Top of DATA SECTION

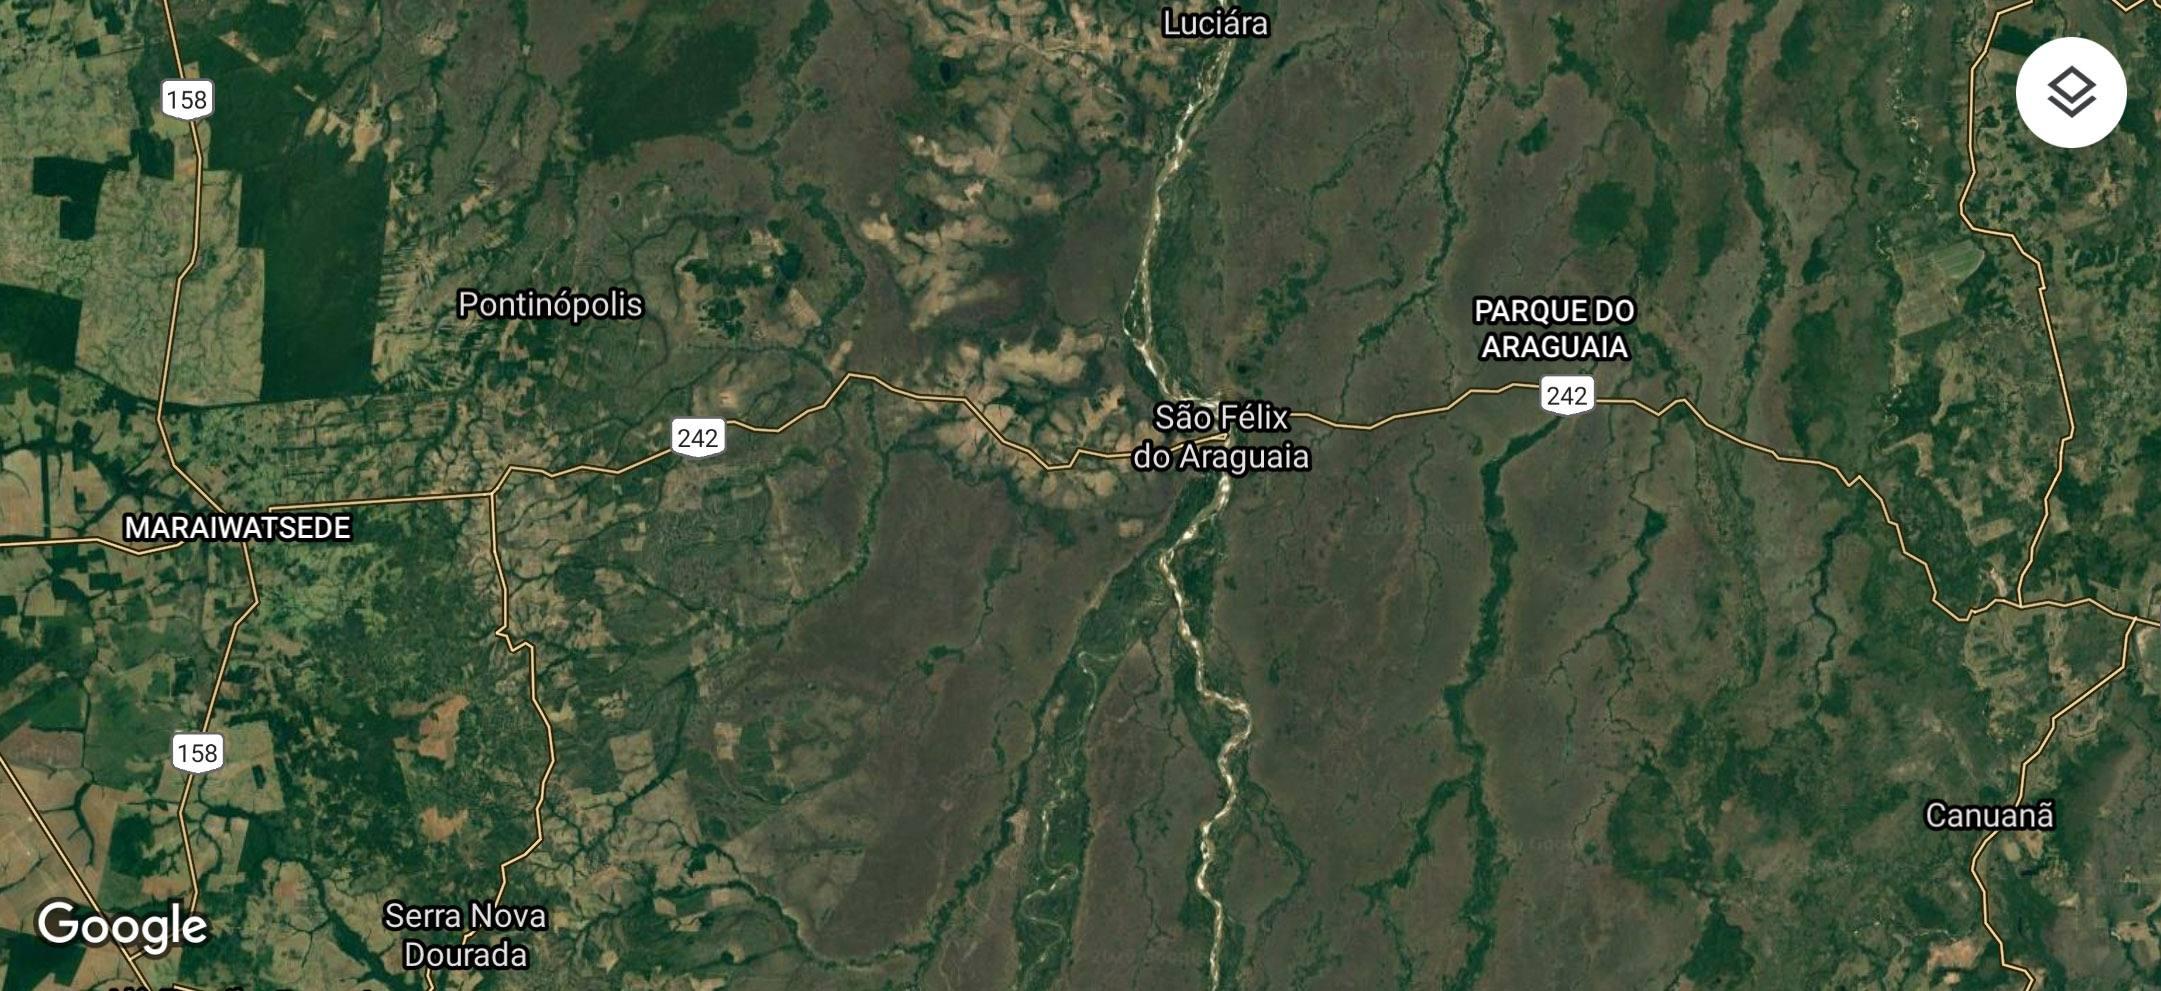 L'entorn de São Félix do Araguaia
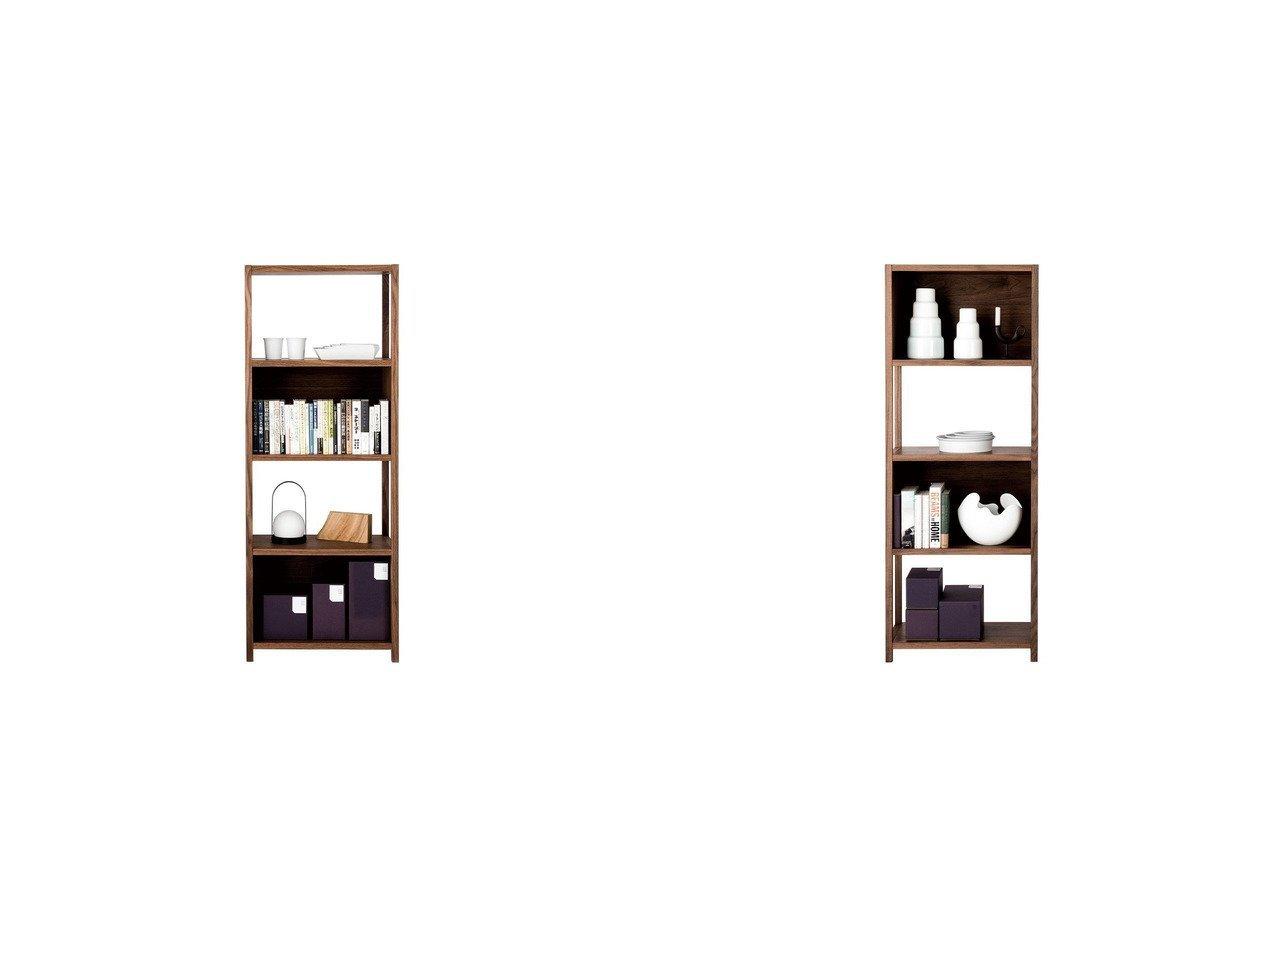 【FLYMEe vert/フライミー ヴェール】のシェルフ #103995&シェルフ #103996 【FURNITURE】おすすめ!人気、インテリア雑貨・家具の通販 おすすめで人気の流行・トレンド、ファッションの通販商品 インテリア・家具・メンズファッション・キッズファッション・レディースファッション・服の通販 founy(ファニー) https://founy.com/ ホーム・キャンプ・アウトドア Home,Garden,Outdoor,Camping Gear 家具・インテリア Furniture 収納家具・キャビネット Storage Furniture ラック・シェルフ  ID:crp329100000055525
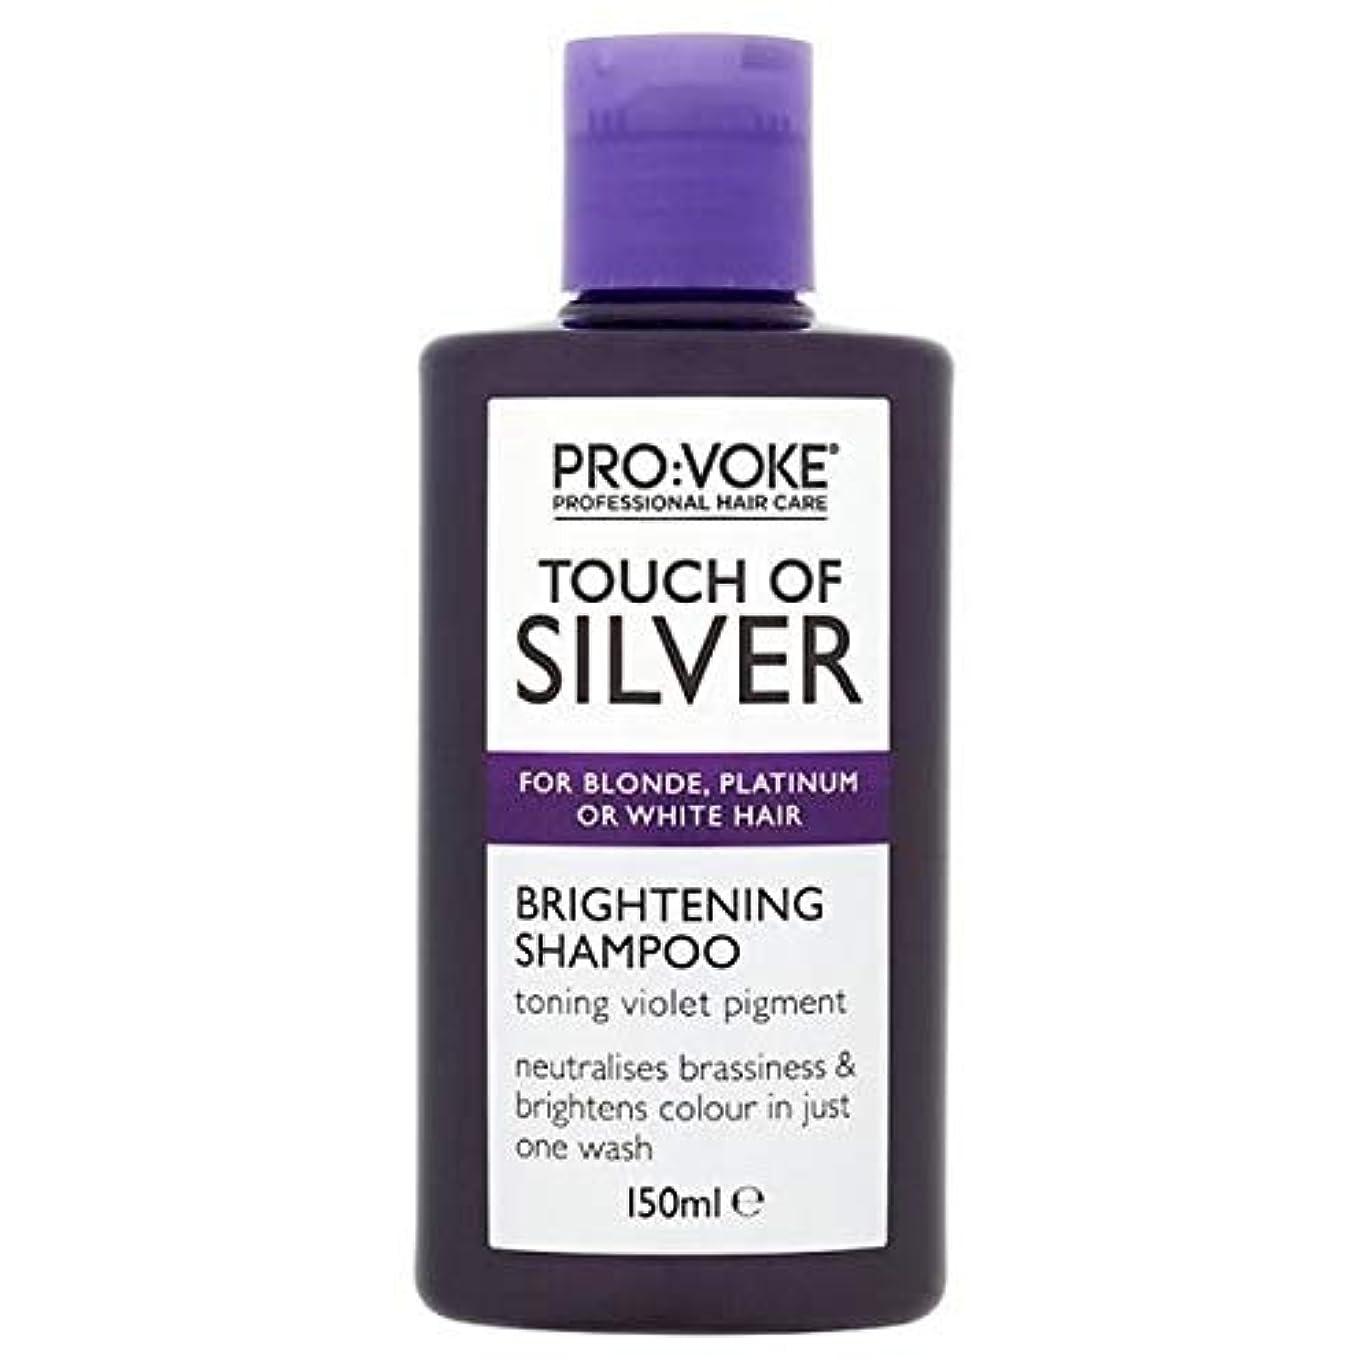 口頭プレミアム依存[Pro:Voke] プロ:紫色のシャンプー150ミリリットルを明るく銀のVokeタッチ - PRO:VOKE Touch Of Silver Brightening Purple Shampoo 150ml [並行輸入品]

Bottom of DATA SECTION

Your copy of the listing should match it exactly, apart from the pictures, which are left out.

◆ RESPONSE BOX ◆
 L'entorn de São Félix do Araguaia
 【FLYMEe vert/フライミー ヴェール】のシェルフ #103995&シェルフ #103996 【FURNITURE】おすすめ!人気、インテリア雑貨・家具の通販 おすすめで人気の流行・トレンド、ファッションの通販商品 インテリア・家具・メンズファッション・キッズファッション・レディースファッション・服の通販 founy(ファニー) https://founy.com/ ホーム・キャンプ・アウトドア Home,Garden,Outdoor,Camping Gear 家具・インテリア Furniture 収納家具・キャビネット Storage Furniture ラック・シェルフ  ID:crp329100000055525
 口頭プレミアム依存[Pro:Voke] プロ:紫色のシャンプー150ミリリットルを明るく銀のVokeタッチ - PRO:VOKE Touch Of Silver Brightening Purple Shampoo 150ml [並行輸入品]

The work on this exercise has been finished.